I pressed my fist against my sternum.

The pull, which had been pointing in a direction for ten years and had shifted to this city two days ago, stopped pointing and became a presence, something that existed in the same place as breathing, necessary and constant and no longer asking me to move toward it because I was already here.

I started walking up the hill.

The street was narrow and steep and I walked it slowly, letting my senses lead, feeling the frequency strengthen with every step in a way that made the Shadow Rot in my channels go quiet for the first time in years, not receding, just quiet, like something waiting to see what happened next.

The morning was going about its business around me. A woman opened her shutters on the second floor of a green building and looked down at me and looked away. A dog investigated something at the base of a wall and lost interest.

Two schoolchildren in uniforms came down the hill toward me with their bags and their noise and parted around me like water around a stone without breaking the conversation they were having.

I passed a bakery and a small hardware shop and a wall covered in something painted that had been there long enough to become part of the wall rather than something added to it, and I walked past all of it without seeing any of it because every sense I had was focused on the frequency that was getting stronger with every step, that was no longer faint, that was present and real and close in a way it had not been in ten years of searching.

I turned a corner.

There was a small café on the left side of the street with yellow walls and a hand painted sign above the door and two small tables on the pavement outside and a chalkboard menu visible through the window and the smell of coffee and something fresh from an oven coming through the open door. The neighborhood kind of café that had been there long enough that people stopped seeing it and just used it, the kind that knew everyone's order and kept their hours and never made a fuss about anything.

The sign above the door said Kae in simple letters on yellow painted wood.

I stopped walking.

The frequency was coming from inside.

Not faint anymore. Not suppressed into something I had to reach for. Present and clear and specific, layered under coffee and warm bread and the ordinary morning smell of a place that had been open since six and had already served half the neighborhood, but there, underneath all of it, cold north wind and ozone, the scent that had been in my dreams for twenty years and in my waking life for ten.
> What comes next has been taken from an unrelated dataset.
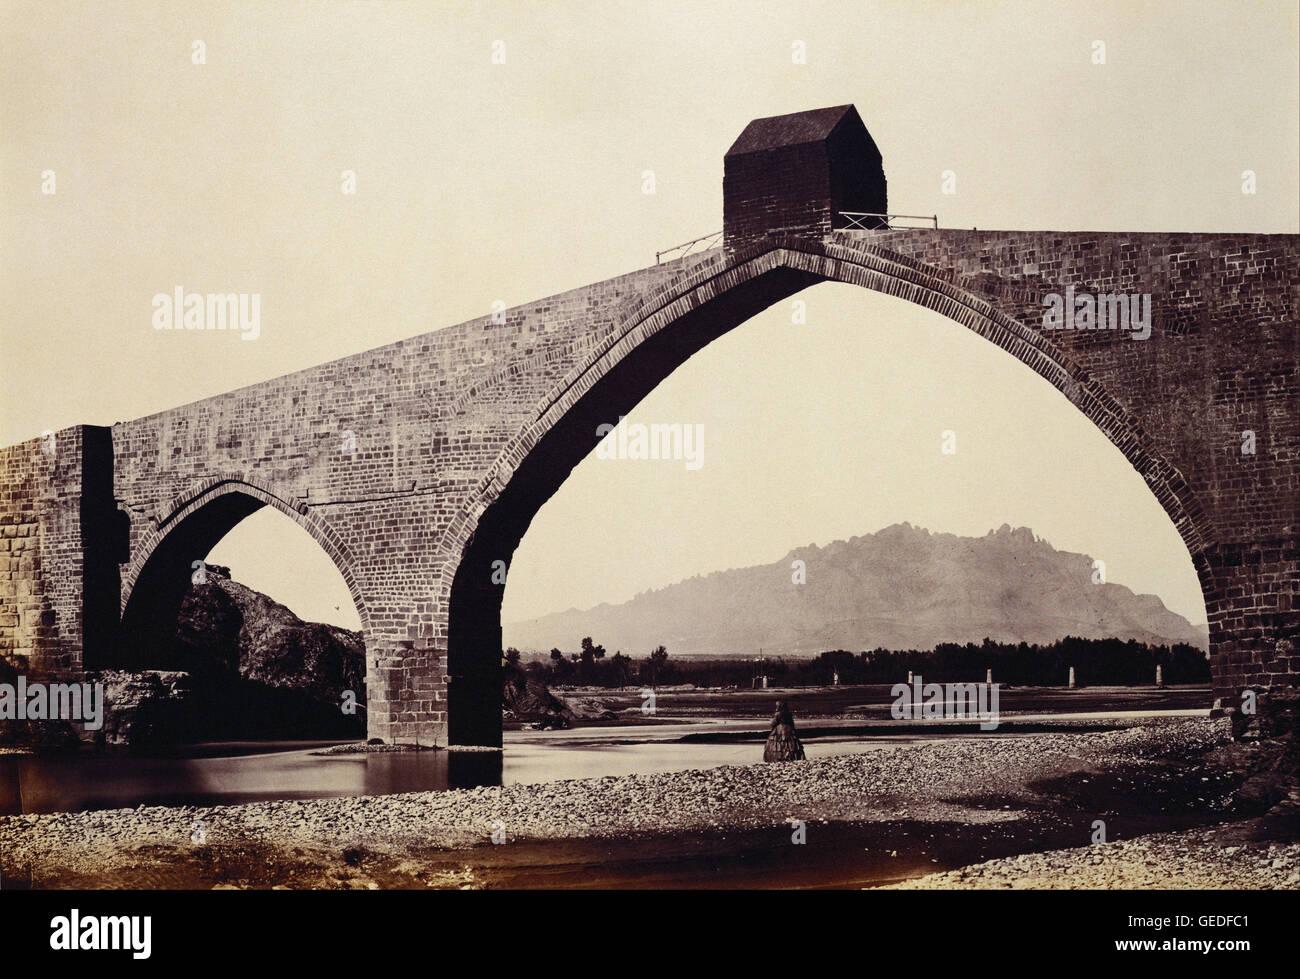 Charles Clifford - Cataluña - Puente del Diablo, Martorell Imagen De Stock

I stood on the pavement outside Café Kae and looked through the window and felt the pull go completely still inside my chest for the first time since the morning I woke up in a mansion in Dubai and walked down a hallway and found a room with a made bed and a gate key on the pillow.

Still.

Not gone.

Just arrived.

A woman behind the counter was making coffee, her back to the window, moving with the practiced efficiency of someone who had done this specific sequence of actions thousands of times. She was not him. She was young and her hair was pulled back and she laughed at something a customer said while she worked.

I looked past her.

At the back of the café, behind the counter, half visible through a doorway that led to what was probably a small kitchen, a figure moved. Just for a second.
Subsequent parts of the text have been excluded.